S129 establishes a framework for consent to medical treatment for children, recognising that while parents or guardians ordinarily consent on behalf of minors, this authority is not absolute. Where consent is unreasonably withheld, s129(6) permits hospital superintendents to authorise treatment, and s129(9) and (10) empower the High Court, as upper guardian of all minor children, to grant consent where necessary in the child’s best interests.

The court’s reliance on these provisions confirms their centrality in resolving urgent clinical disputes.

Of particular significance is the court’s treatment of religious freedom, and in this regard, it was found that the hospital took repeated steps to accommodate the parents’ beliefs, including engagement with traditional healers and a senior family representative, permitting multiple in‑hospital assessments.

At least three such opportunities were provided.

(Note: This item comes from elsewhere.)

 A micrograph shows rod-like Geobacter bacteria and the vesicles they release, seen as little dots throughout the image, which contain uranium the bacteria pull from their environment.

However, when it was asserted that traditional healing could only take place outside the hospital setting, the orthopaedic team assessed the child’s fitness to travel and determined that transferring her would pose an unacceptable clinical risk and was therefore unsafe (par 67 of the judgment).

While acknowledging the sincerity of the parents’ beliefs and the constitutional protection afforded to religion and culture, the judgment is clear that these rights are subject to limitation under s36 of the Constitution. Where the exercise of religious belief threatens a child’s right to life, dignity and access to healthcare, the limitation is justified.

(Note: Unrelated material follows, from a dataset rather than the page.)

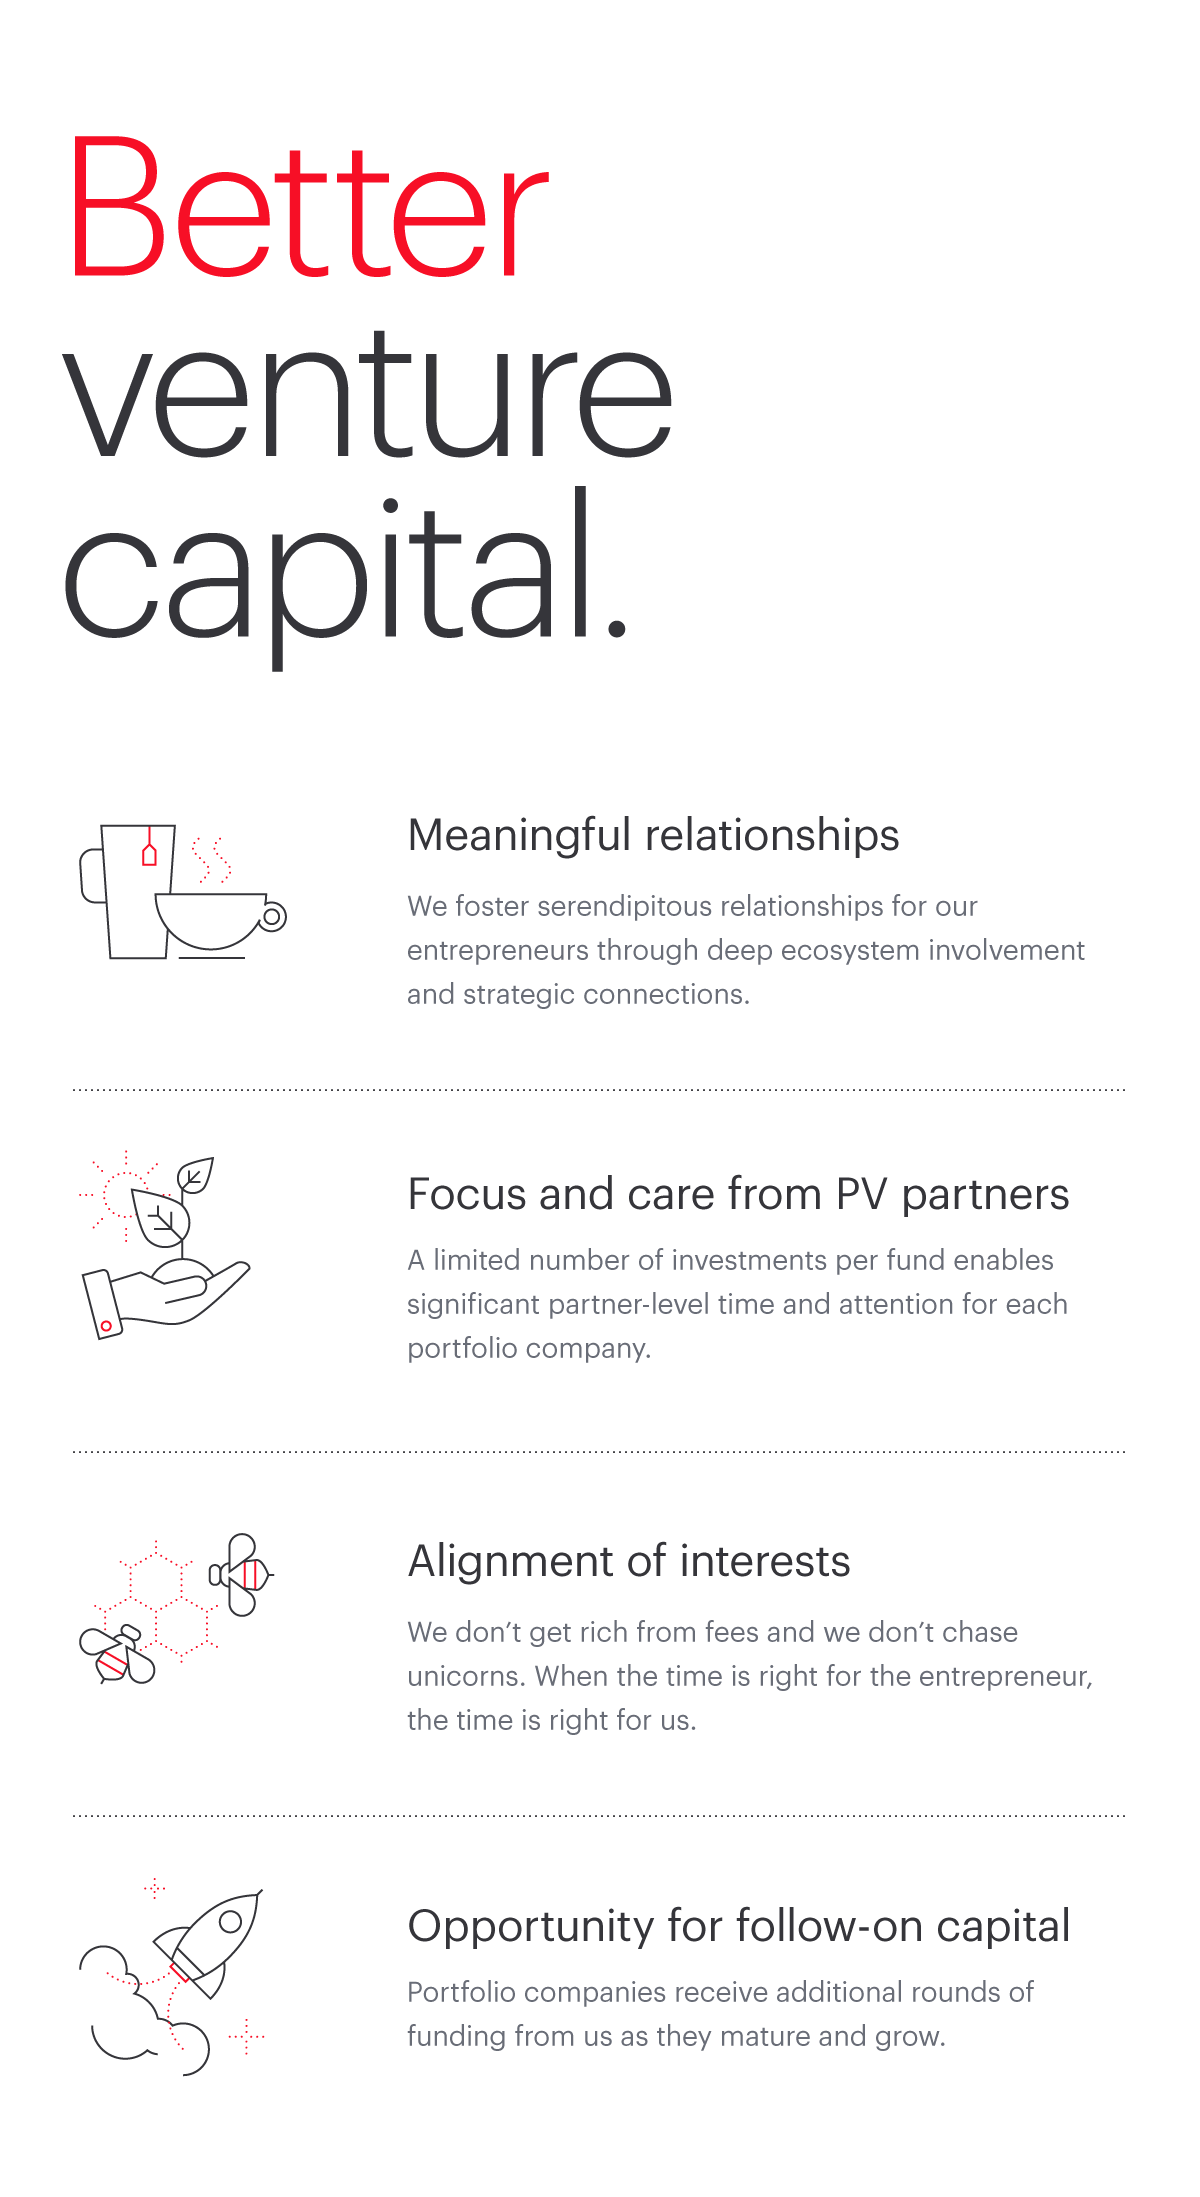 Overview of Plaza Venture’s value proposition paired with custom icon design by Studio Function

The court emphasised that constitutional tolerance does not extend to permitting avoidable death or serious harm to children. Furthermore, s129(10) of the Children’s Act is clear in that no parent may withhold consent by reason only of religious or other beliefs, unless that parent or guardian can show that there is a medically accepted alternative choice to the medical treatment or surgical operation concerned (author’s emphasis).

From a clinical perspective, the judgment strongly affirms the role of expert medical evidence. The court placed substantial weight on uncontested testimony from the treating specialists, who demonstrated that amputation was medically necessary, time‑sensitive and supported by established standards of care.

The absence of any medically accepted alternative was central to the court’s conclusion that parental refusal was unreasonable. For practitioners, this reinforces the importance of careful documentation, consensus among treating teams and evidence‑based justification when consent disputes arise.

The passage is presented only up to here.